##### RECORDED INFORMATION
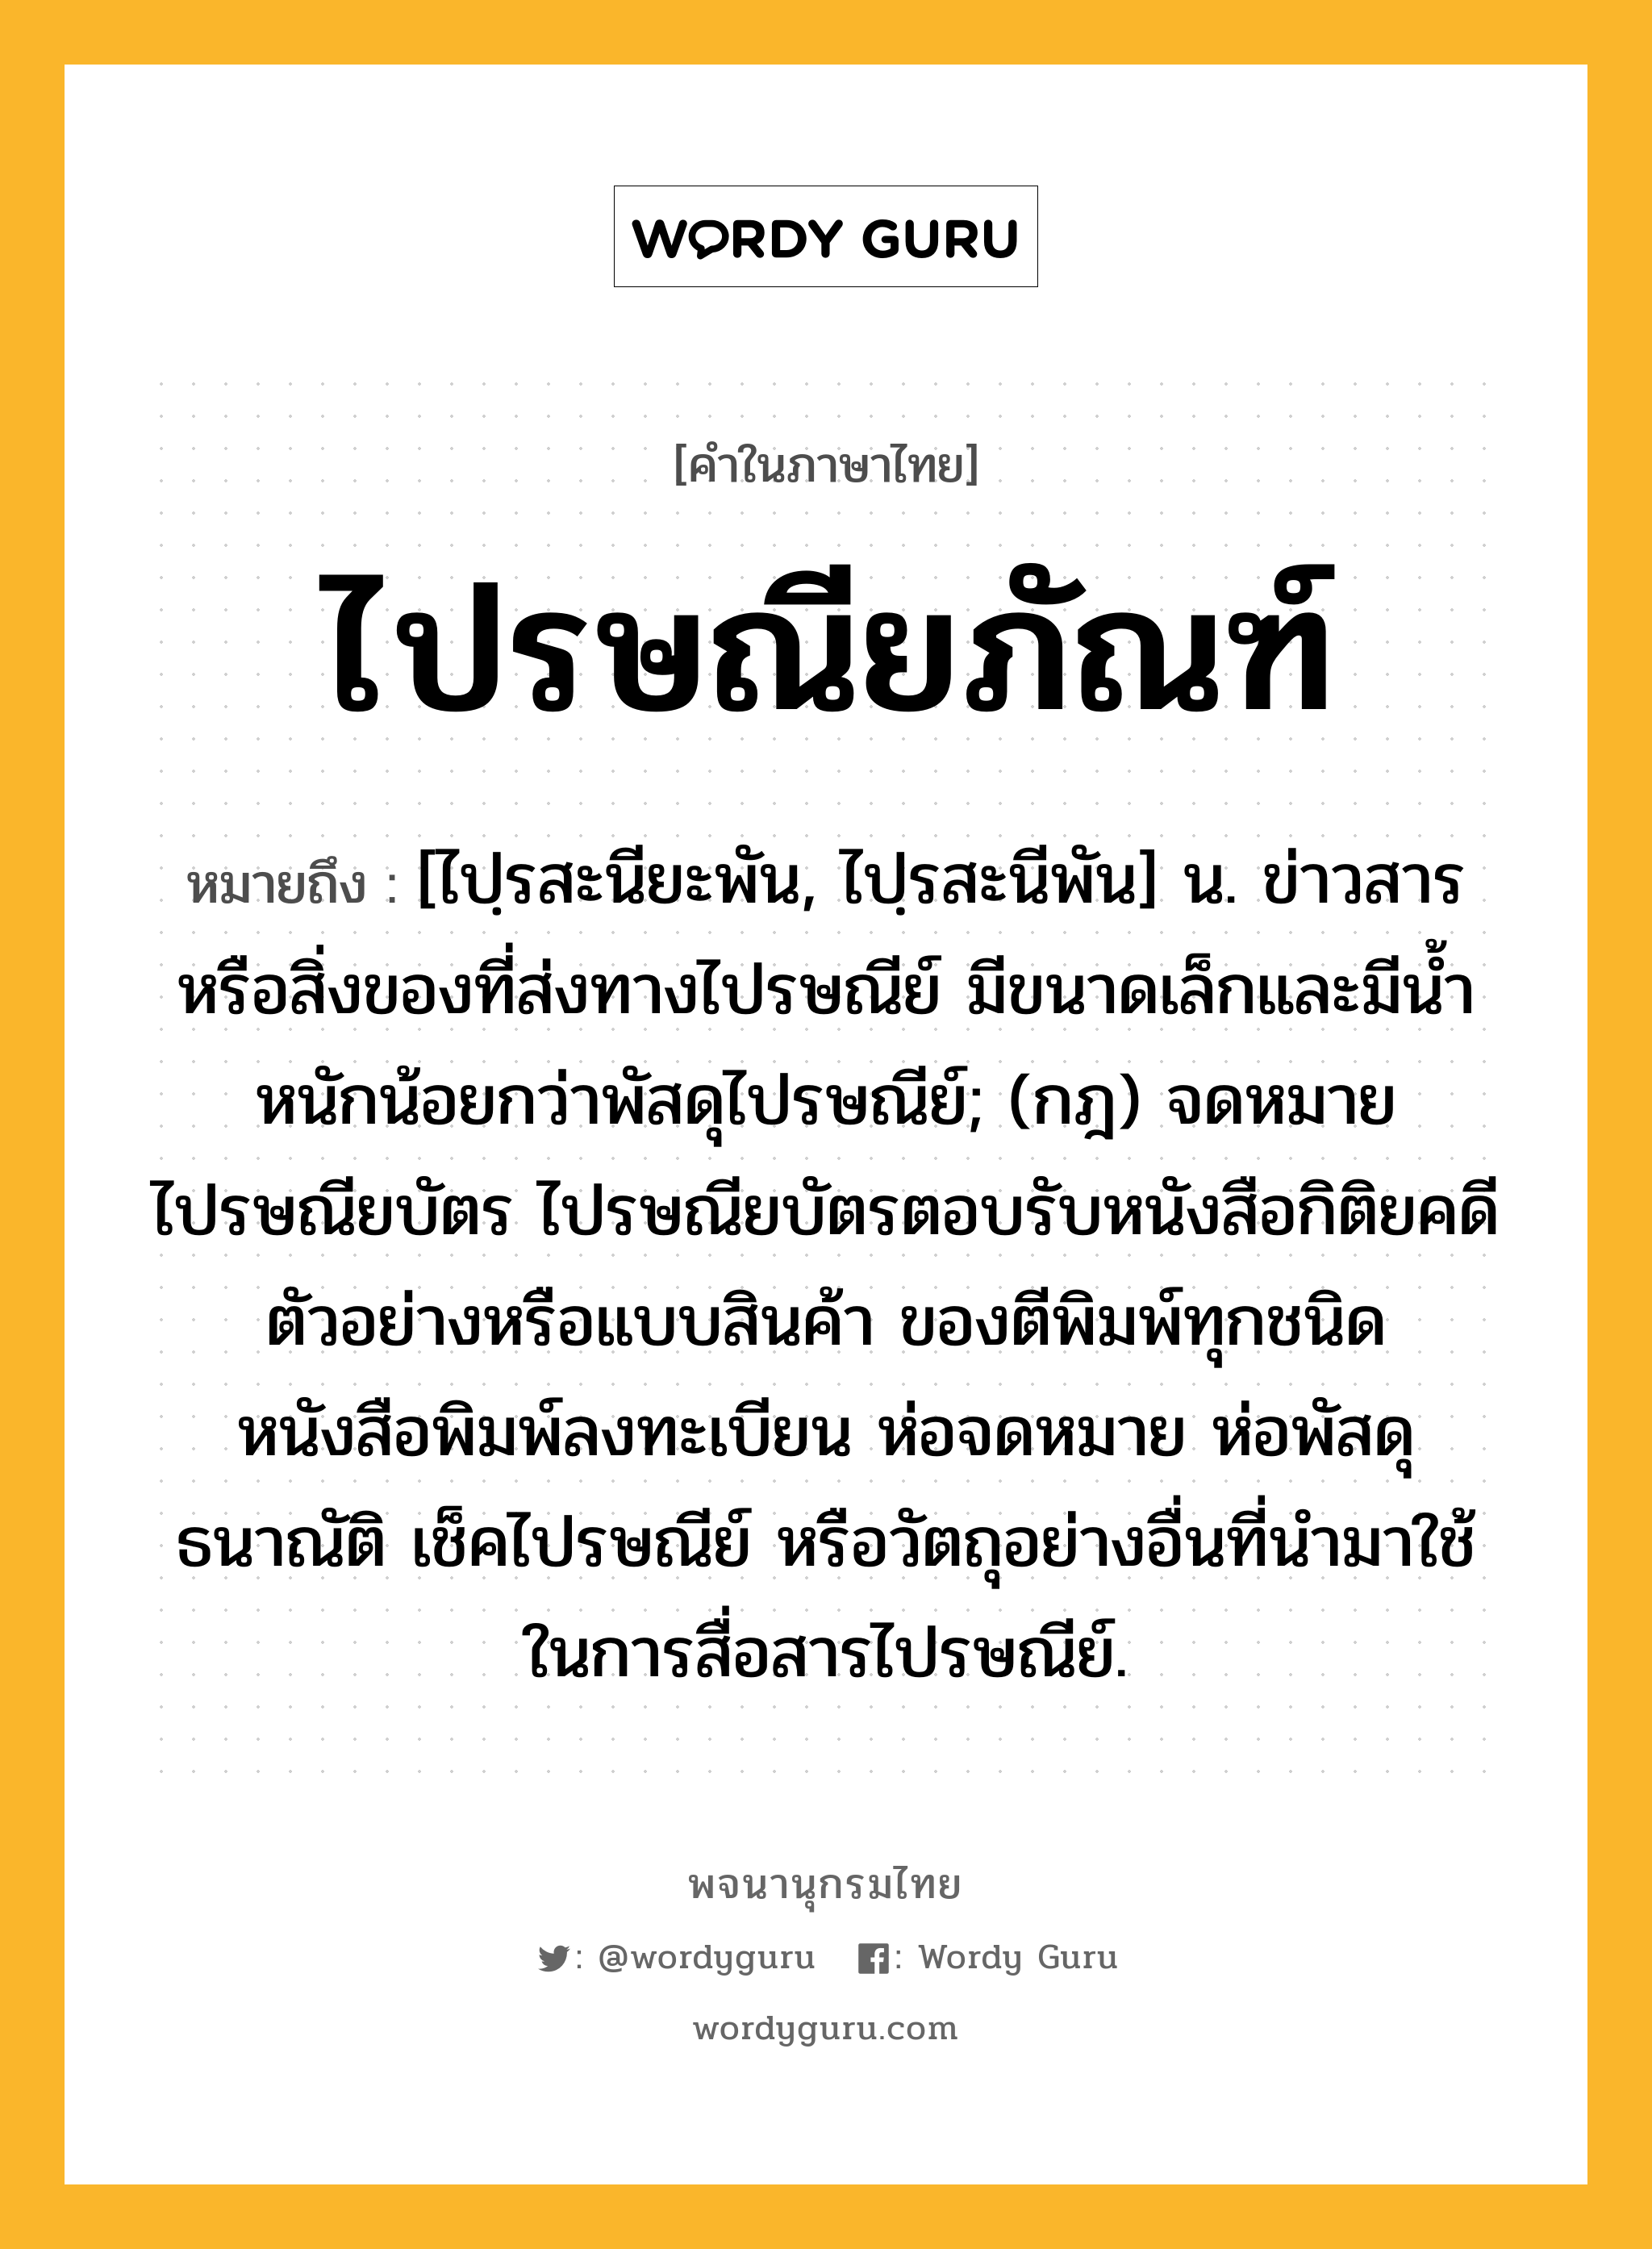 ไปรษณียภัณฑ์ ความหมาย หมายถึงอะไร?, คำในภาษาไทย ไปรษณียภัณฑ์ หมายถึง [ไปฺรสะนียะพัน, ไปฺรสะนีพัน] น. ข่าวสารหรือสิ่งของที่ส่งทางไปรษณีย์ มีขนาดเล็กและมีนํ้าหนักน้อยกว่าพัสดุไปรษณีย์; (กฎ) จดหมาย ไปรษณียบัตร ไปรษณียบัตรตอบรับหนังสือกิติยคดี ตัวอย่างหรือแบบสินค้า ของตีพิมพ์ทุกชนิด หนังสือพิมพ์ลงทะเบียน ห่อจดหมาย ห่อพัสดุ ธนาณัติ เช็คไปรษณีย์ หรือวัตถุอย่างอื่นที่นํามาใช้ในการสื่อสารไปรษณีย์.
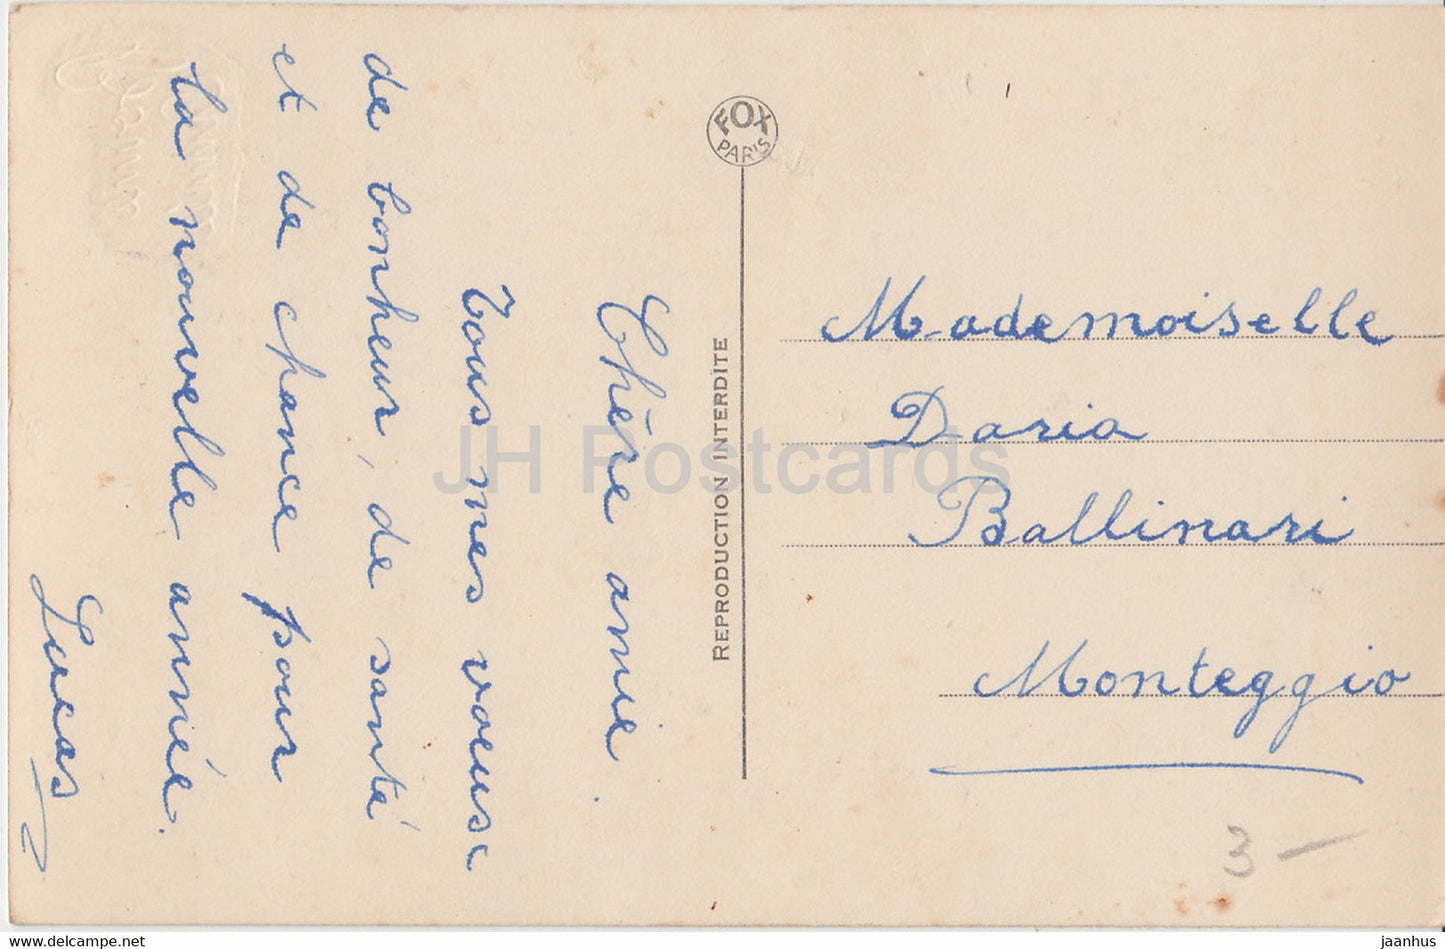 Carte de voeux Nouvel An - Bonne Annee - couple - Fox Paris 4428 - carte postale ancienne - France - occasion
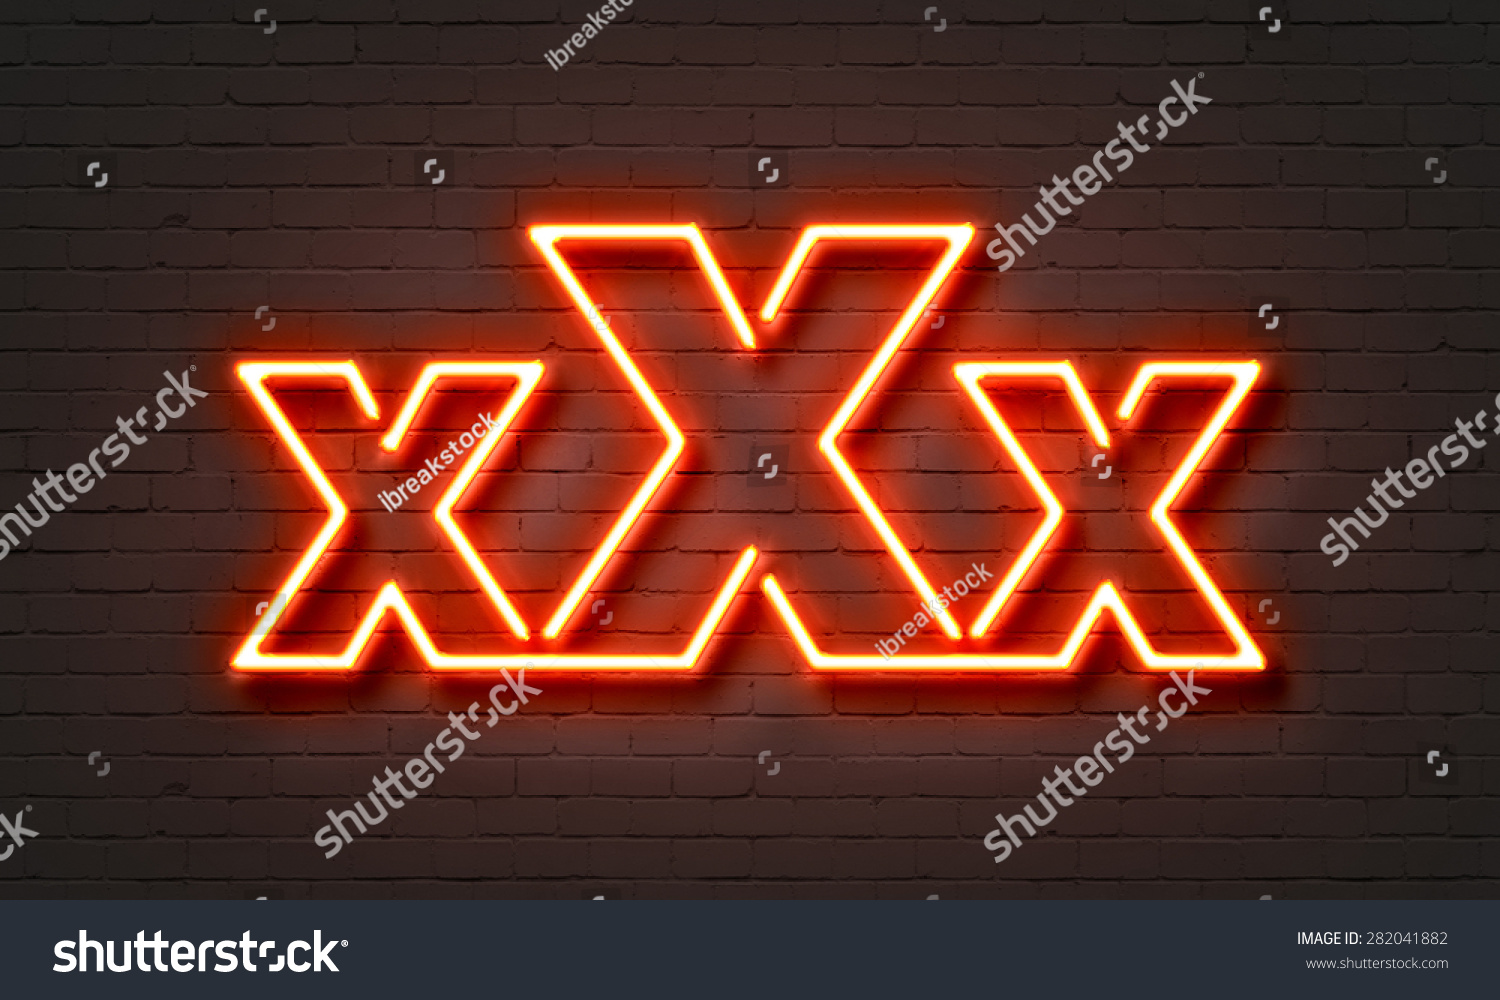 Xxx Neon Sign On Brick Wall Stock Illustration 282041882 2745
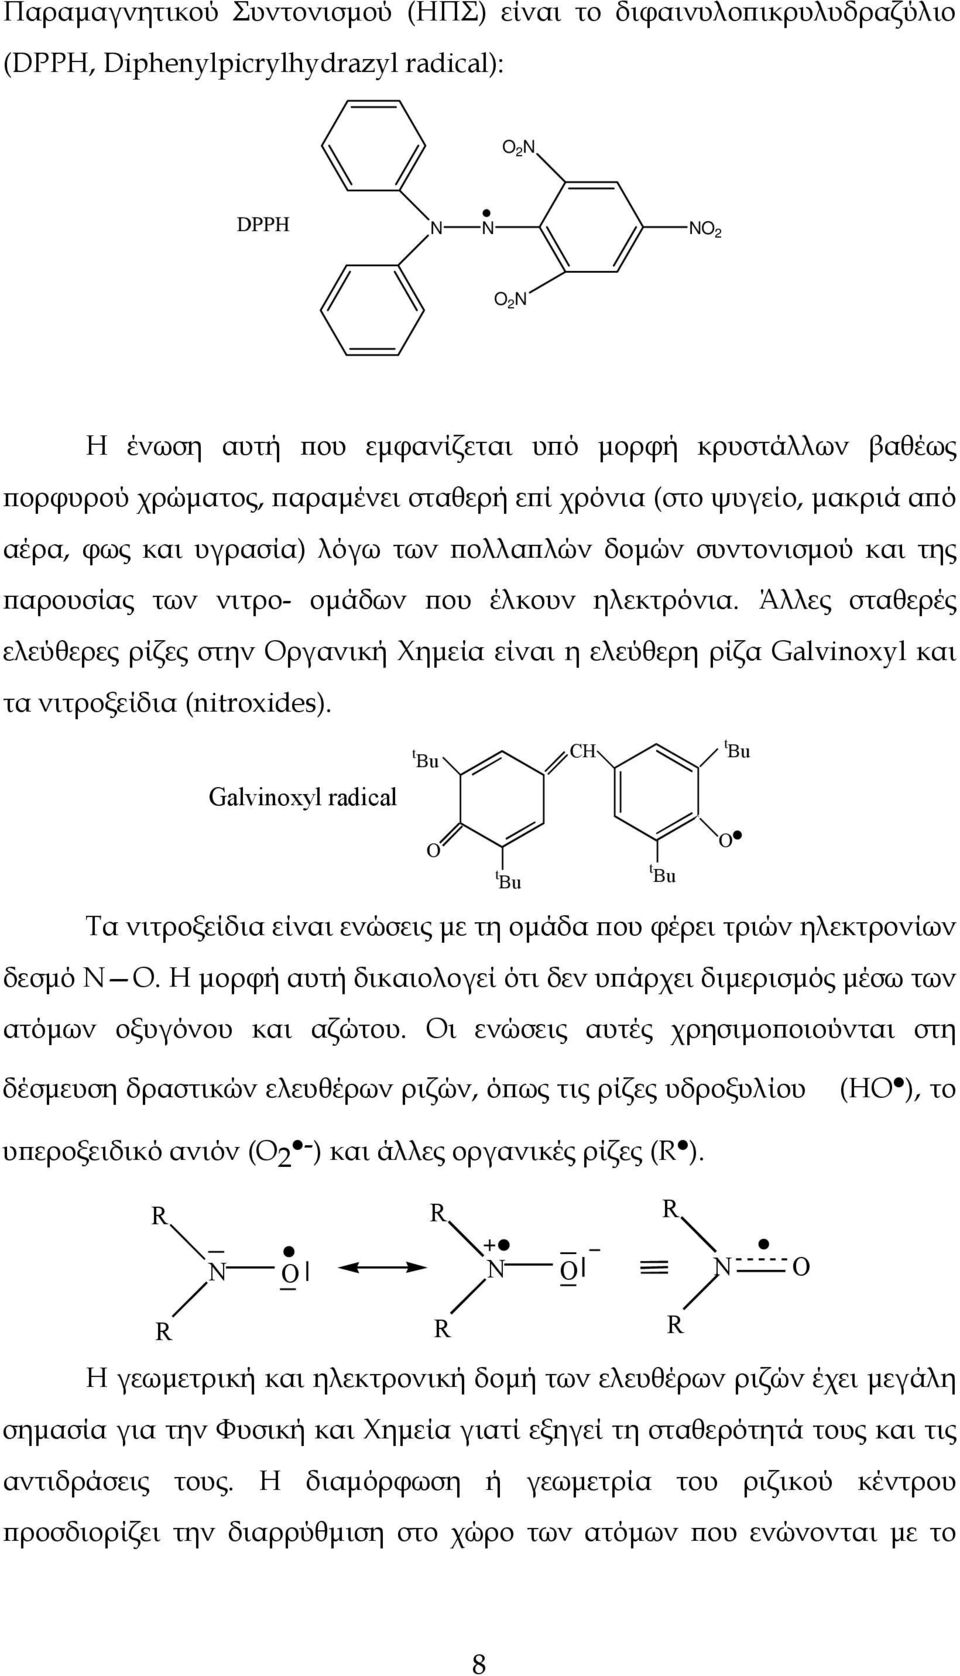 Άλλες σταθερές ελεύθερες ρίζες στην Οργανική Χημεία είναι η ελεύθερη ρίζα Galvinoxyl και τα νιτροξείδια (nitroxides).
##########
[TASK OBJECTIVE]:
Set down every line above exactly, pictures excluded.

[RESULT OF THIS EXERCISE]:
 ไปรษณียภัณฑ์ ความหมาย หมายถึงอะไร?, คำในภาษาไทย ไปรษณียภัณฑ์ หมายถึง [ไปฺรสะนียะพัน, ไปฺรสะนีพัน] น. ข่าวสารหรือสิ่งของที่ส่งทางไปรษณีย์ มีขนาดเล็กและมีนํ้าหนักน้อยกว่าพัสดุไปรษณีย์; (กฎ) จดหมาย ไปรษณียบัตร ไปรษณียบัตรตอบรับหนังสือกิติยคดี ตัวอย่างหรือแบบสินค้า ของตีพิมพ์ทุกชนิด หนังสือพิมพ์ลงทะเบียน ห่อจดหมาย ห่อพัสดุ ธนาณัติ เช็คไปรษณีย์ หรือวัตถุอย่างอื่นที่นํามาใช้ในการสื่อสารไปรษณีย์.
 Carte de voeux Nouvel An - Bonne Annee - couple - Fox Paris 4428 - carte postale ancienne - France - occasion
 Xxx Neon Sign On Brick Wall Stock Illustration 282041882 2745
 Άλλες σταθερές ελεύθερες ρίζες στην Οργανική Χημεία είναι η ελεύθερη ρίζα Galvinoxyl και τα νιτροξείδια (nitroxides).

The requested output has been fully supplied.